Der Beitrag Tips on the quantitative survey and evaluation method erschien zuerst auf agile Companies.

What does a data scientist do?

Dr. Dominic Lindner — Sun, 21 Mar 2021 17:27:47 +0000

The large amount of data continues to grow. In fact, it is now being said that data is the new oil. At the same time, there is also a new job description. The name of the data scientist appears more and more. So says the portal SAS : “Anyone who knows how strategically important knowledge can be drawn from large amounts of data and can also convey this has a key position in the company as a consultant for top management.”
But if you look at the job advertisements you will find a lot about it and you ask yourself: What does a data scientist do? This article is intended to provide information.
Reading tip: What is big data

What should a data scientist be able to do?

If you look at the job advertisements, a data scientist should usually be able to do the following:

Analytical talent
Expertise
communication
Urge to research
Coordination talent

On the one hand, the scientist must recognize relationships in large amounts of data and be able to analyze them. Furthermore, he should also have business and specialist knowledge in order to understand the problems of the specialist areas. With the help of his communication skills, he can talk extensively with them and be in constant contact. His curiosity also allows him to solve difficult problems and work with hypotheses. But he is also a project manager and has to expand, manage and maintain the database.

Skills and tasks of a data scientist (own illustration)

What does a data scientist do?

There are many names for the new job profiles. The Computer week has already broken down some of it and defines it as follows:

The (Big) Data Engineer is the master of the data supply.
The management scientist is the mediator between the departmental worlds.
The data scientist provides answers to analytical questions based on data.
The data steward is responsible for monitoring data quality and integrity.

The data engineer is responsible for merging the data and knows where the data is and how it is merged. The management scientist then analyzes this data and defines the actual problems. She says to the data scientist Computer week : “The main task of the data scientist is to generate answers to analytical questions from data – with the help of analytical methods from the areas of statistics, machine learning or operations research.” The data steward monitors the data going there and ensures that it is technically correct.
So in the end there are numerous job descriptions and these terms are not always used and clearly separated. Therefore this is only used as an orientation. I don’t think that every company separates this so strictly and often everything is summarized under the umbrella of the data scientist or data analyst. The following figure shows the fields of application and provides the answer to the question: What does a data scientist do.

Tasks of the data scientist in a process chain (own illustration)

Conclusion: what does a data scientist do?
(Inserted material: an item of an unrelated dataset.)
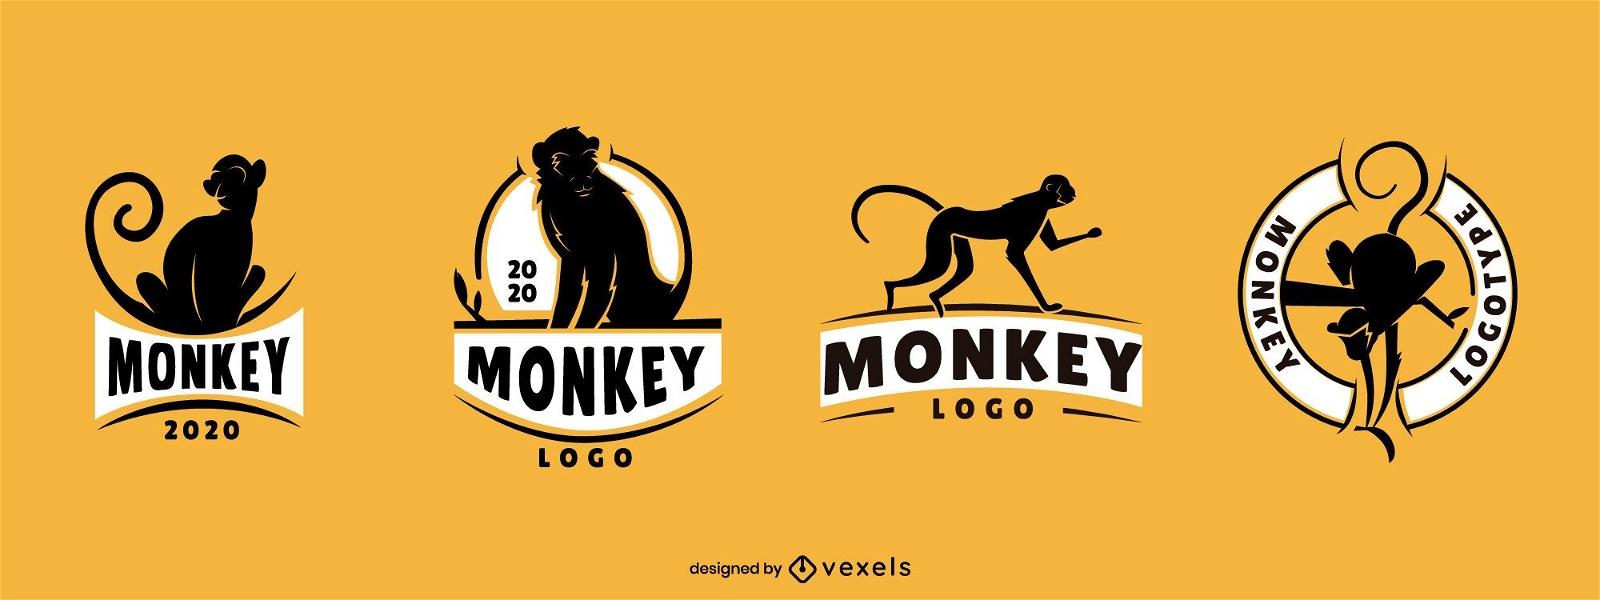 Monkey logo design set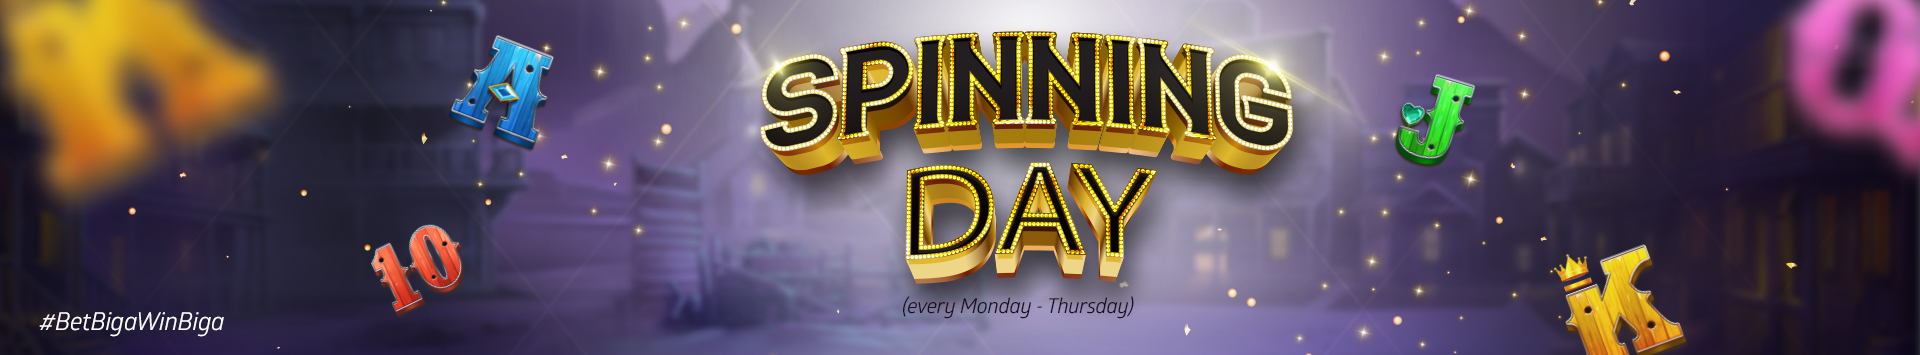 Spinning Day

There are numerous terms and answers to the question: What does a data scientist do but in the end an abstract picture emerges. On the one hand, the data scientist is a scientist who solves business problems with the help of data and, on the other hand, he is a project manager who manages the database in the company.
I hope to have shed some light on the darkness with this article and I look forward to your comments on what the data scientists are doing in your environment. I have already worked with a few during my consulting time and can also see what my big data colleagues at the chair are researching. I also learned something from you and one quantitative analysis using data used in my doctorate.
Tip: Book suggestions too Big data
[werbung]
Verwendete Quellen anzeigen

Image source: Designed by Freepik

[fotolia]

Der Beitrag What does a data scientist do? erschien zuerst auf agile Companies.